AJ - I don't know that I figured out anything faster than anyone else. I've been living in this for 2 years. You're right though, the anger is there and it's not going anywhere for a while, but I have a choice. The ease I have with my distance with my W and my anger has its roots. Embedded in a thought - As hard as I worked to help her and keep the marriage alive, she had to work just as hard to stay angry with me. I can see that very clearly. While she was still in our home I found it kind of fun to do things that I knew she liked or approved. I liked seeing which one of us was going to quit. It was a game of sorts for me, but it's what I had to do if I was going to maintain my sanity. It stopped my heart from hurting so I don't regret my actions. Game or no game, I made a lot of good changes in me.

Sleeper - That is something that's on the back of my mind now that you mention it. My W hasn't had the life she's wanted with our kids for a few years now.

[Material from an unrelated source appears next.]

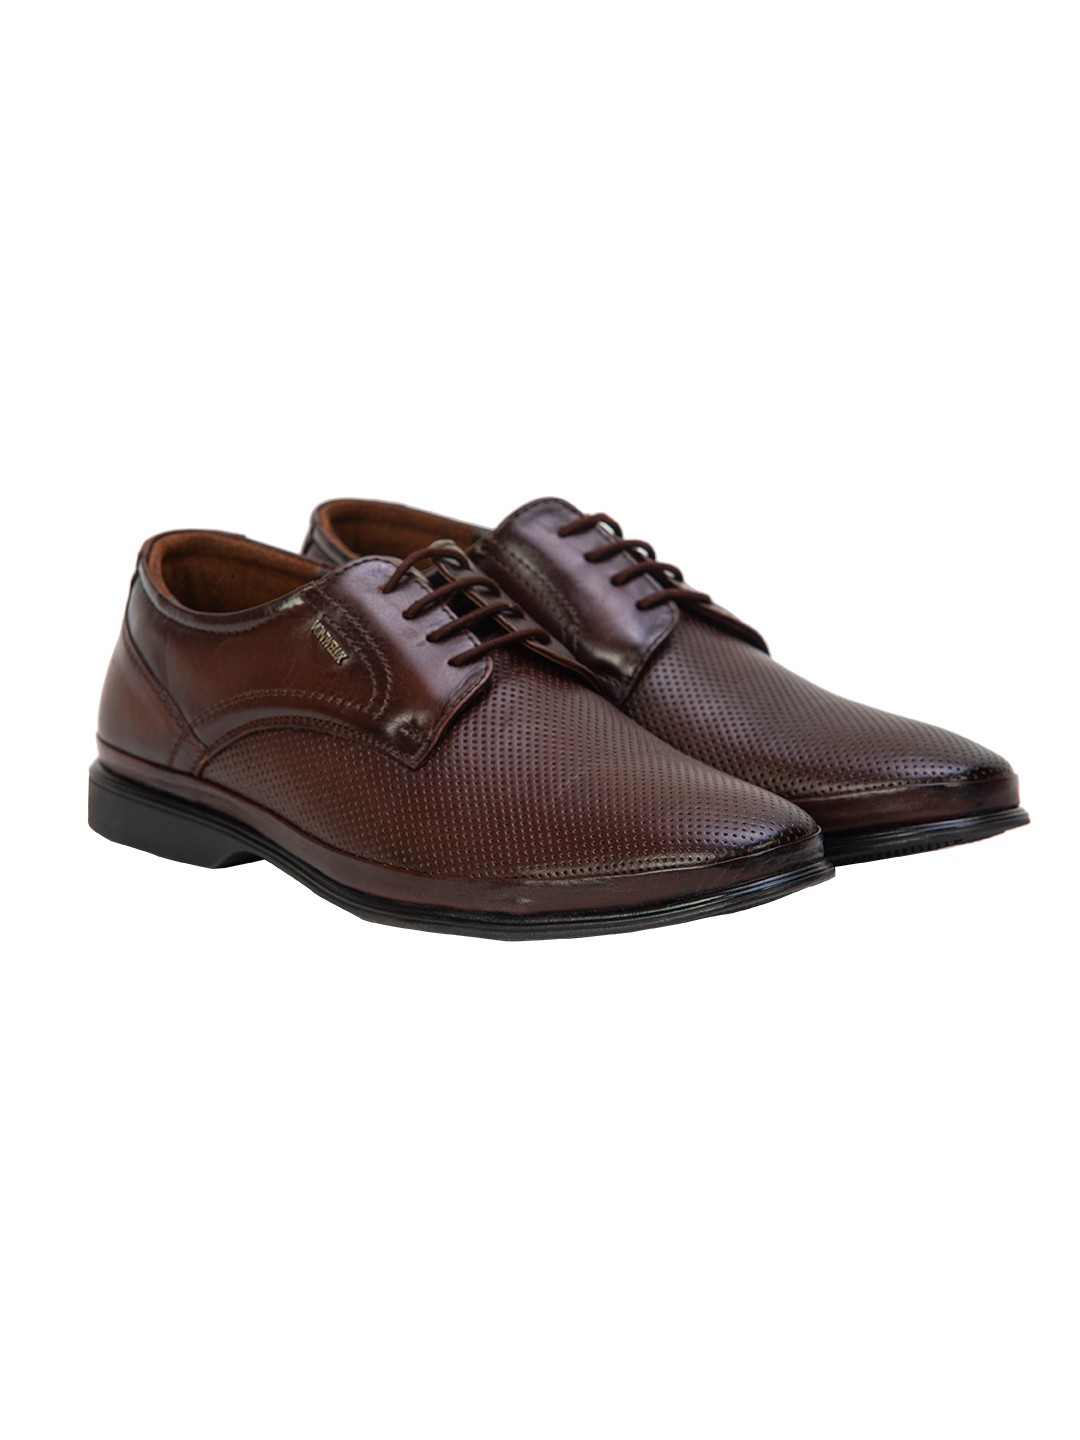 Buy Von Wellx Germany Comfort Coen Brown Shoes Online in Dehradun

She blames me for that and I can't do much for her on that front so I ignore it. She made her decisions and still does. The kids are not unaware that she has yet to come watch them play their summer sports. S12 expects her to not show and is angry with her about it, but I wasn't aware in regards to S6. He complained to me a few weeks back that he didn't want to go because I never watch him, that I'm always reading my school books. I told him I'm never reading while his shift is on and he's playing, I only read when he's on the side. I told him I wouldn't bring my books in any more. Funny thing is, I never noticed how much he's watching me when he isn't playing. I'm using every opportunity to give give him a thumbs up so he knows I care. Lesson learned for me.

Again about the shoes thing. I think there's a lot of side plots to the control issues. I'm not talking to her at all and I know it grinds her nerves when we don't discuss these kinds of things. She still hasn't figured it out on a few things, like telling me where or what she's doing. I never asked these past few years of MLC and I don't now. I don't have the right to ask anymore now that she's left. Either way, I'm not including her in any plans for the kids in the near future unless I have too. I'm beginning to think she's going to get a rude awakening for S6's b-day and this coming Christmas. I have no intention of planning any co-op gifts. What I'm able to do for the kids, I will do. If I can't afford what they want, I'm not taking party to pooling our resources together like we had in the past. I'm sure I'll get brownie points from everyone on that (sarcasm), but last I checked that's what a lot of D parents do.

I just want to file the papers right now. It's the only umbilical chord I have left. Alas, I can't. I'm making things intentionally hard for her. This is what she wants so she has to do the leg work. I have my theories as to what she waiting on and having all these doctor visits seems to fit in there. We're both responsible for the debt until the D papers are dated. I honestly don't care. My career path has room for growth, hers never has. I'll be fine in a few years and I don't mind re-learning how to be resourceful. To be honest, it's the only reason I'm still driving the car I have. I don't know how much longer it's going to last me, but until I have the D papers signed, I don't want to build more debt than necessary and not having a car payment, aside from hers, is a relief right now.

I want her to do everything. I want her to bare the full burden of her choices. I know that if I start the paper work she will use me as the villain to her friends. But what I fear the most is that she will use it to tell the kids - "See. Your dad wanted a D, he filed the paper work. He hasn't been telling you the truth." She already thinks I'm brain washing the kids and I will not give her this fuel.